Joharran iba de un lado a otro del campamento, dando prisa a la gente, haciendo sugerencias y cerciorándose de que todo estaba a punto. Cuando se hubo asegurado de que la Novena Caverna lo tenía todo listo para partir, se colocó al frente para encabezar la marcha, empuñando su lanza. Al viajar de día y siendo un grupo grande, si permanecían juntos no se acercaría a ellos ningún cazador cuadrúpedo. No obstante, a la primera señal de peligro, al tener la lanza en la mano, Joharran podría encajarla rápidamente en el lanzavenablos y prepararse para arrojarla. Se había ejercitado con el arma a lo largo del verano, y la manejaba ya con cierta destreza. Había media docena de hombres asignados a proteger los flancos, y Solaban y Rushemar cubrían la retaguardia. Las tareas de vigilancia se realizarían por turnos, pasando a ocupar esos puestos otros que de momento ayudaban a transportar los pródigos frutos de ese verano en su viaje de regreso a la Novena Caverna.

Antes de marcharse, Ayla contempló una vez más el lugar donde se había celebrado la Reunión de Verano. Montones de huesos y desperdicios salpicaban el pequeño valle. Varias cavernas habían partido ya, dejando amplios espacios vacíos entre los campamentos de quienes continuaban allí, con postes y armazones de troncos todavía en pie y rectángulos y círculos negros donde habían estado las fogatas. Se había abandonado una tienda ya demasiado maltrecha para usarla, y un jirón de cuero desprendido de una estaca ondeaba al viento, que arrastraba un cesto viejo. Ayla observó que los alojamientos de otras cavernas estaban a medio desmontar. El campamento de la Reunión de Verano ofrecía un aspecto desolador.

Pero los desechos pertenecían a la tierra y pronto se descompondrían. En la primavera siguiente apenas quedarían indicios de las cavernas que habían pasado allí el verano. La tierra se recuperaría pronto de la invasión.

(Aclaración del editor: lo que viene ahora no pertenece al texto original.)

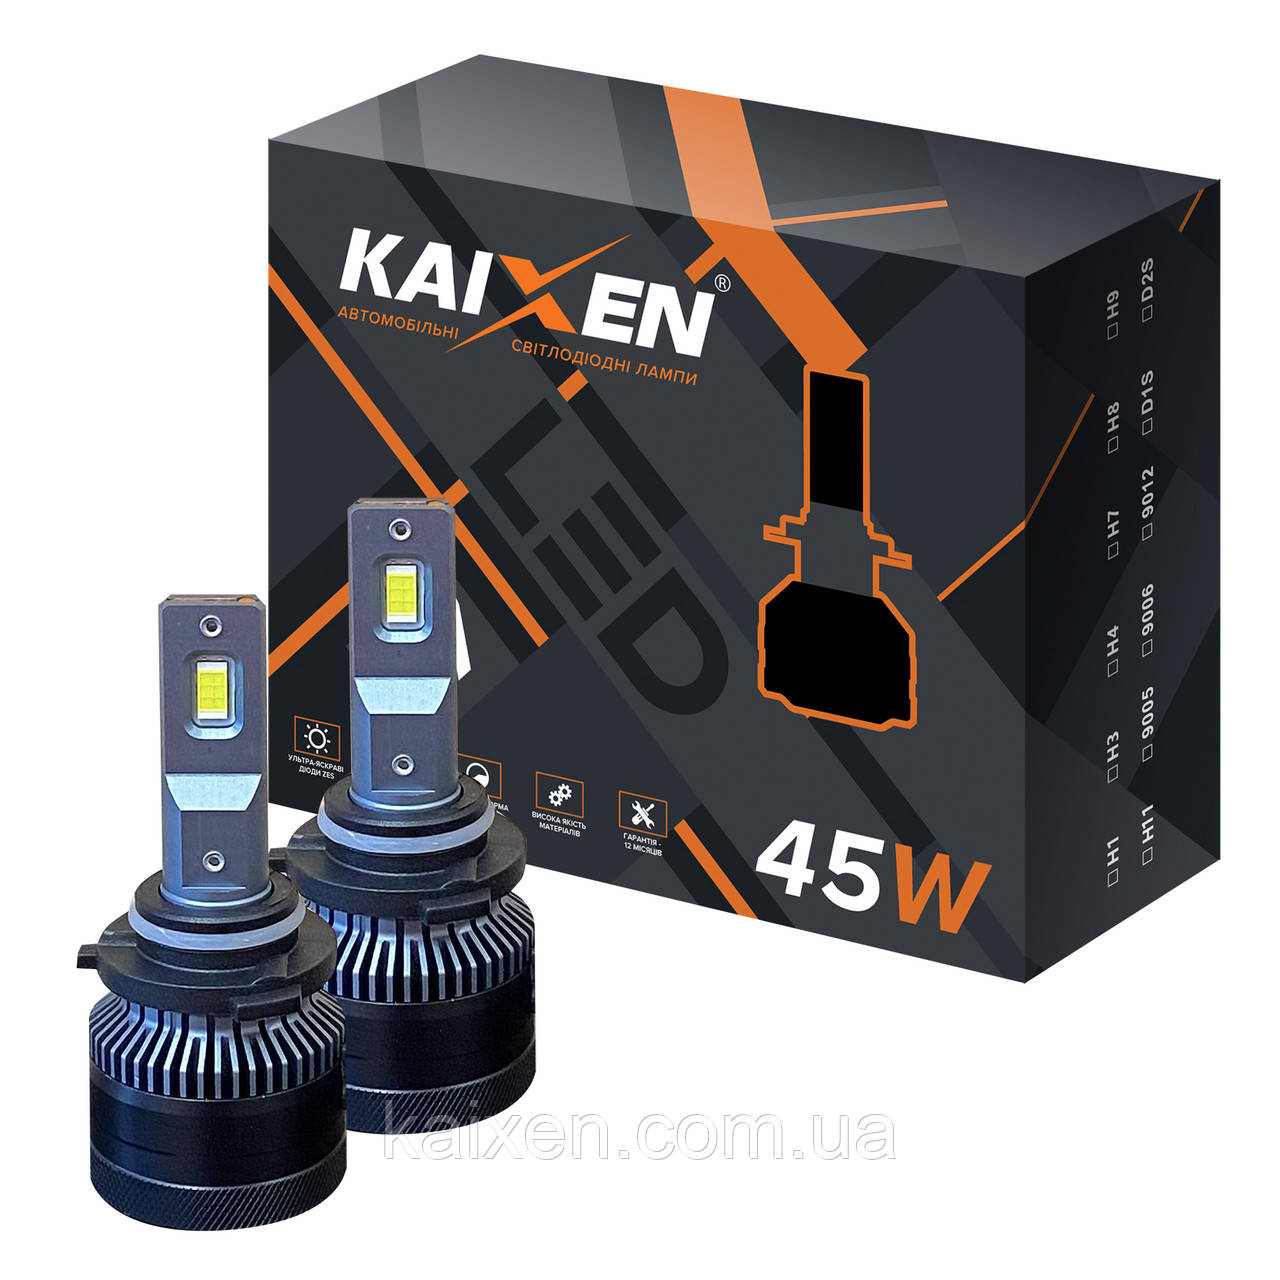 Светодиодные лампы HB3/9005 KAIXEN K7 (45W-6000K-CANBUS)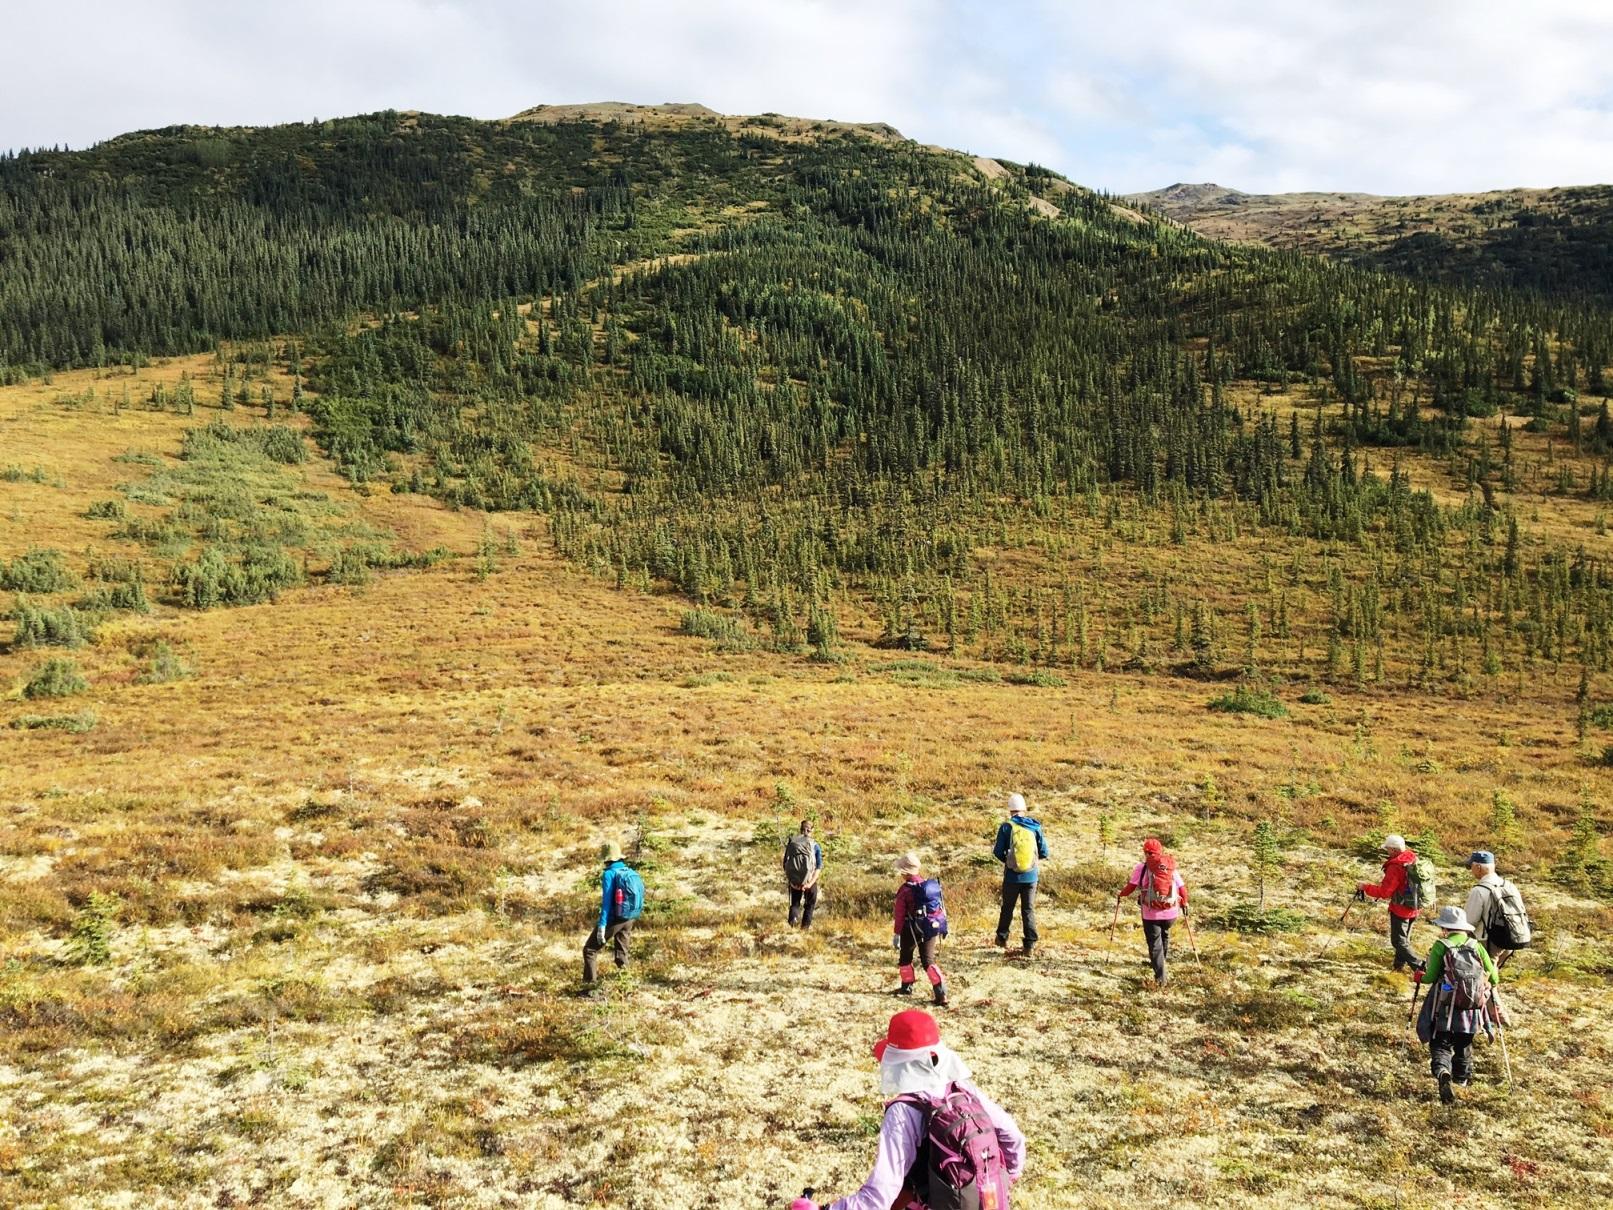 8月24日出発「デナリ国立公園最深部 キャンプ・デナリ滞在と氷河クルーズ 8日間」

El viaje de regreso fue duro. La gente avanzaba penosamente con la pesada carga y, llegada la noche, se desplomaba exhausta en sus camas. Al principio, Joharran impuso una marcha rápida, pero la aminoró gradualmente para que los más débiles pudieran mantener el paso. No obstante, todos veían con ilusión la vuelta a casa y estaban muy animados. Aquella carga representaba su supervivencia durante los crudos meses del invierno.

Cuando se acercaban al hogar de la Novena Caverna, el paisaje familiar los incitó a apretar el paso. Impacientes por llegar al refugio bajo el saliente de roca, se esforzaron para no tener que pasar fuera una noche más. Las primeras estrellas del anochecer parpadeaban en el cielo cuando avistaron la Piedra que Cae y la familiar pared rocosa. Con ciertas dificultades a causa de la menguante luz y la pesada carga, atravesaron el Río del Bosque por las piedras dispuestas en el cauce y luego ascendieron por el sendero hacia la terraza del refugio. Cuando por fin llegaron al porche de piedra que se extendía ante la abertura en la roca bajo el saliente protector, casi había oscurecido.